9.27.2010

Harry Reid's pipeline

This entry is part of my journal from Semester in the West. For all SITW journal entries, click here. For all SITW posts, including blog posts I wrote while on the program, click here. To learn more about the program, click here.



camp: Jackpot, Nevada

context: We spent the day before in Baker, Nevada, a tiny town with one intersection, no grocery store and no stoplight. Baker is home to groundwater that is desperately wanted by Las Vegas to feed their growing city, so a pipeline has been proposed. Senator Harry Reid is very in favor of the pipeline, given that he needs urban votes to get re-elected.

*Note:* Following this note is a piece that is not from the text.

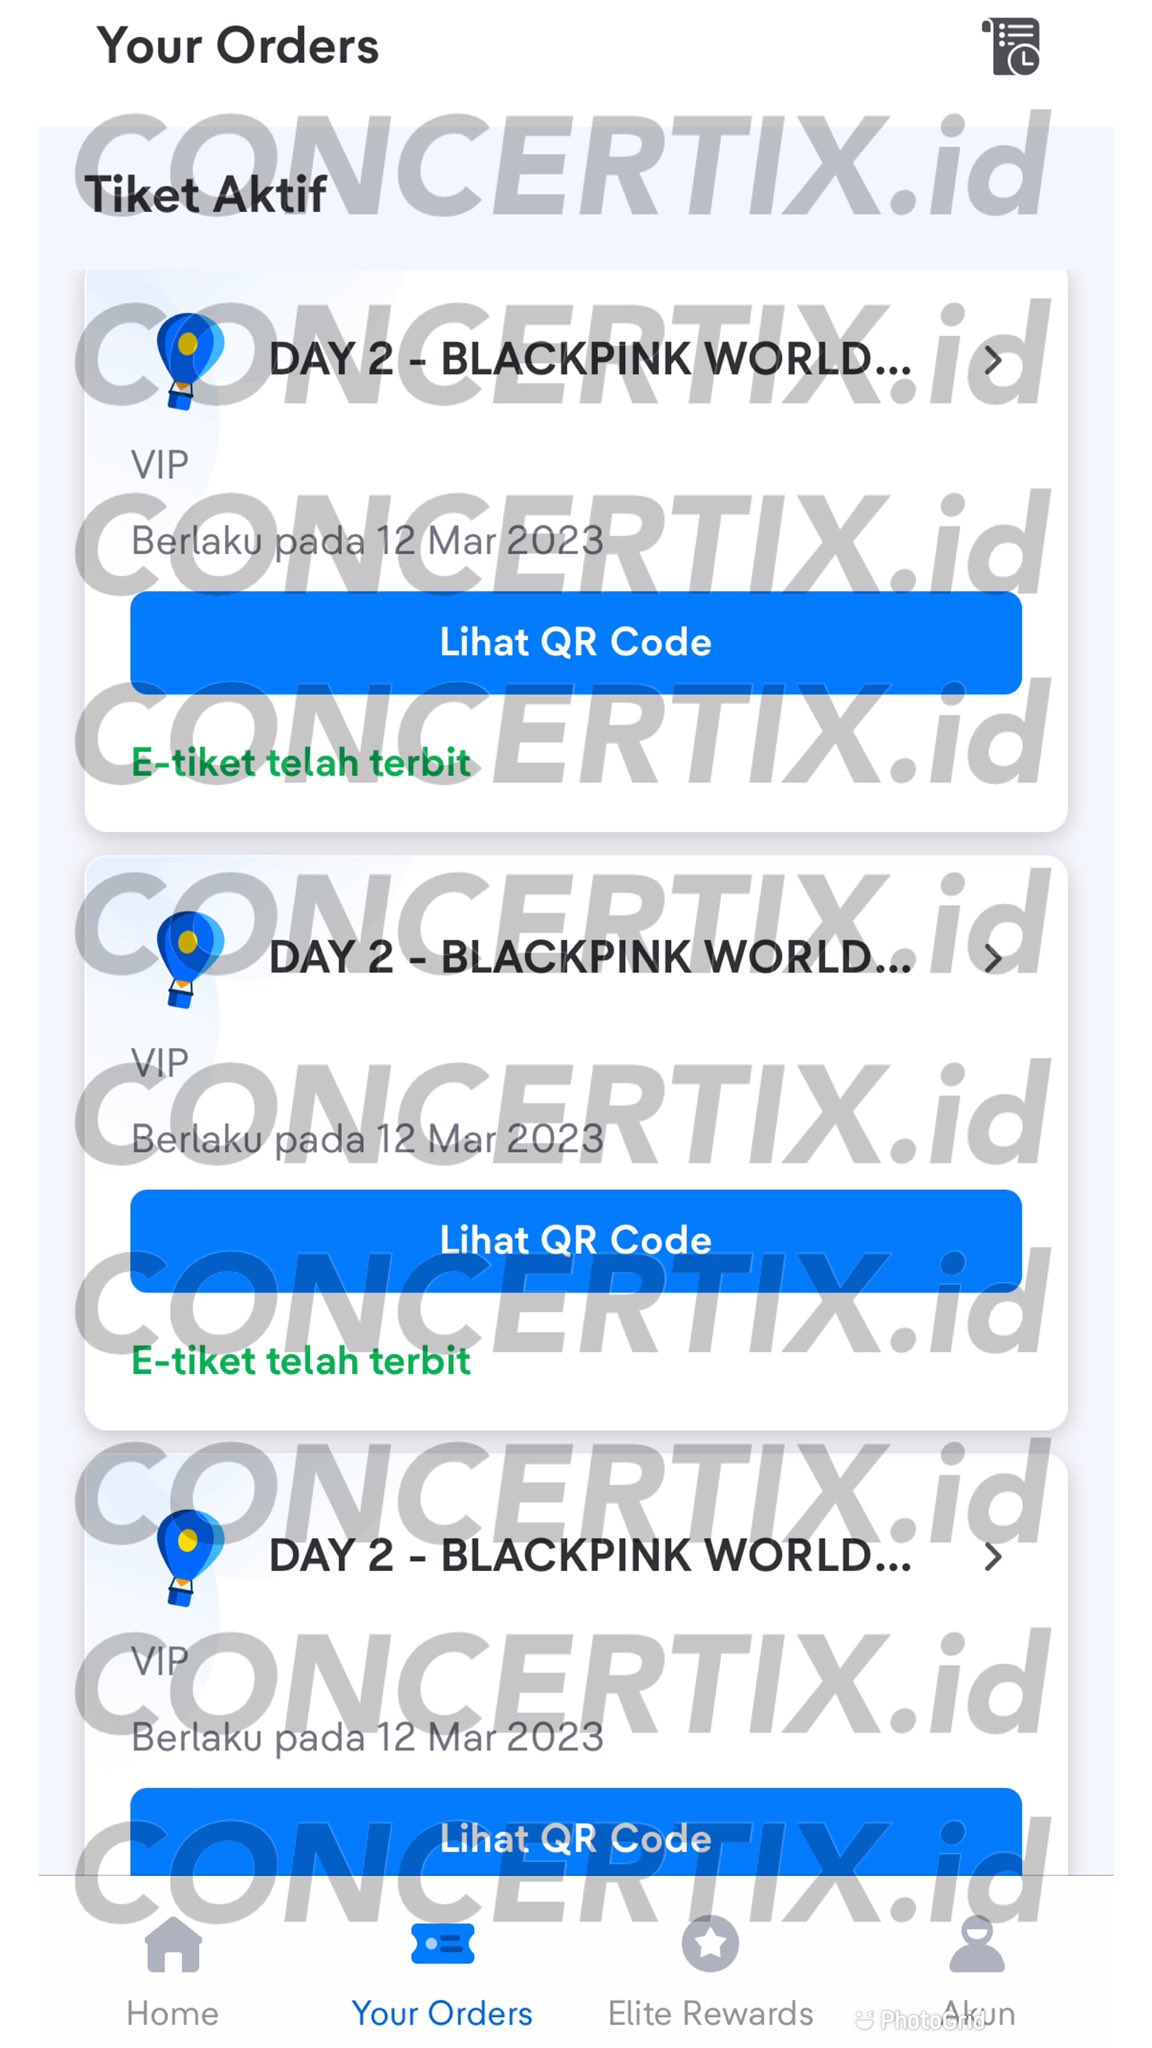 Concertix.id / READY TIKET KONSER COLDPLAY JAKARTA on X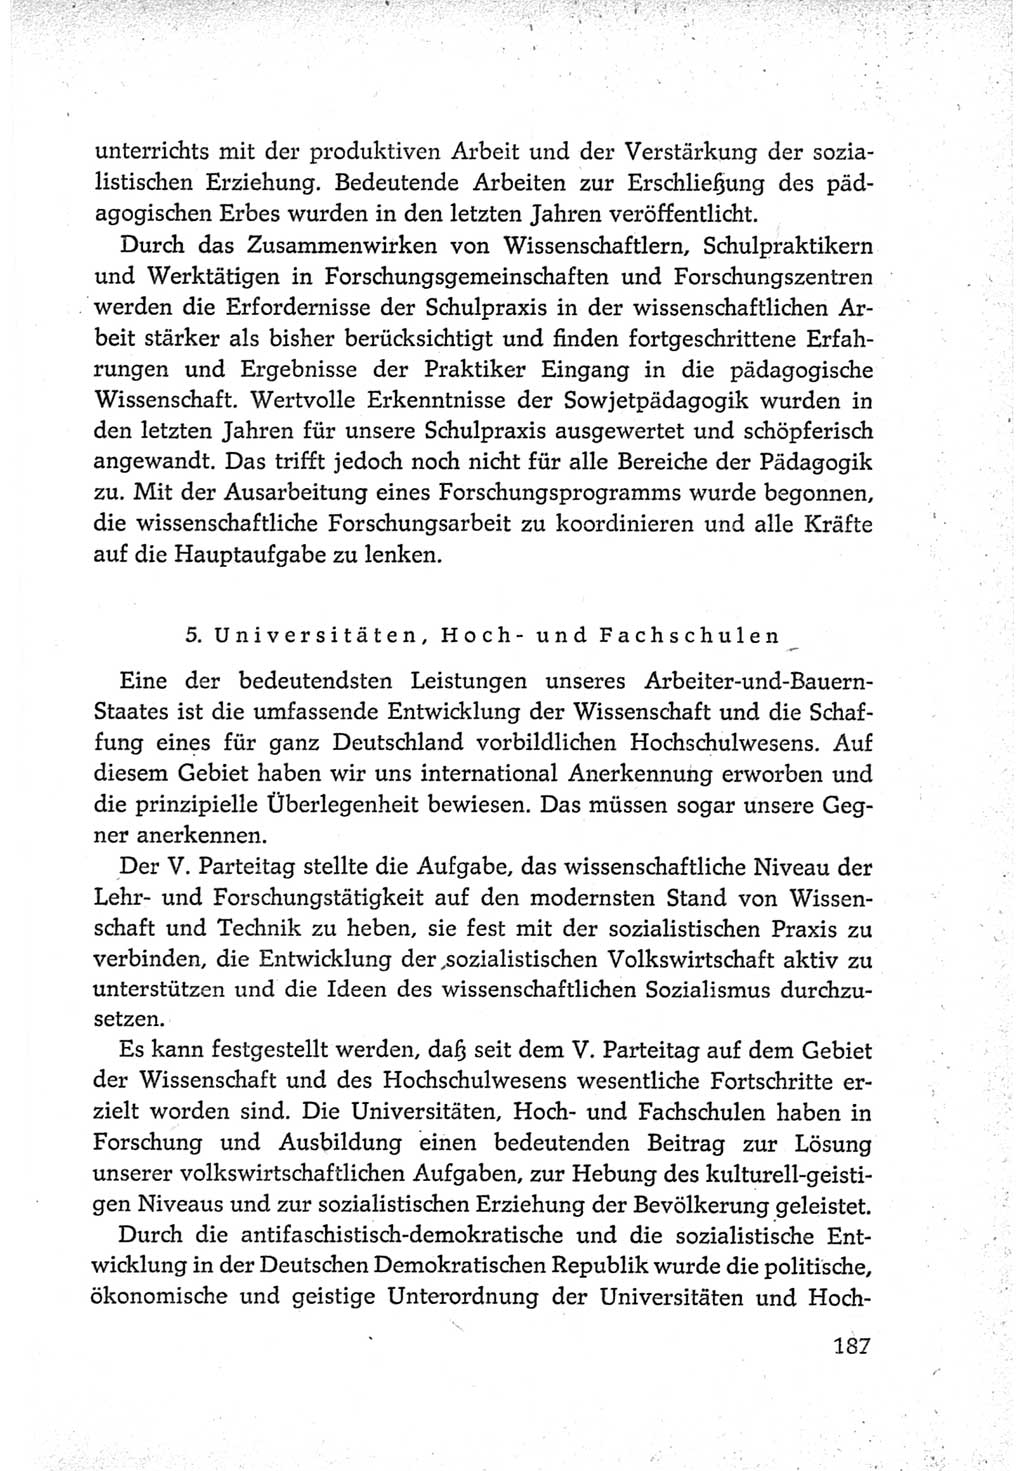 Protokoll der Verhandlungen des Ⅵ. Parteitages der Sozialistischen Einheitspartei Deutschlands (SED) [Deutsche Demokratische Republik (DDR)] 1963, Band Ⅳ, Seite 187 (Prot. Verh. Ⅵ. PT SED DDR 1963, Bd. Ⅳ, S. 187)

There is so much political intrigue here. I wish Nevada had a better Democrat than Harry Reid, someone who didn’t have an interest in gold mining, someone who cared about the land. He’s a politician to the core, and I suppose he’d have to be to be Senate Majority Leader, but I can’t help but think that his principles are largely based on majority rule in his electorate, not actual principles. That makes him so political, and I suppose it’s not a bad thing necessarily. He stalls Yucca Mountain more out of NIMBY than any true environmentalism, because if he cared about the earth or public lands much, he’d stop gold mining and the Las Vegas pipeline. Utilitarianism would dictate that the line be built, I think—how many people live in the area in question? But utilitarianism of that sort ignores non-humans and the fact that cities in deserts aren’t sustainable. I’ve heard it argued that even cities aren’t sustainable, though I’m not entirely convinced. But Ed Abbey had it down. There’s no shortage of water in the desert unless you try to build a city where no city should be.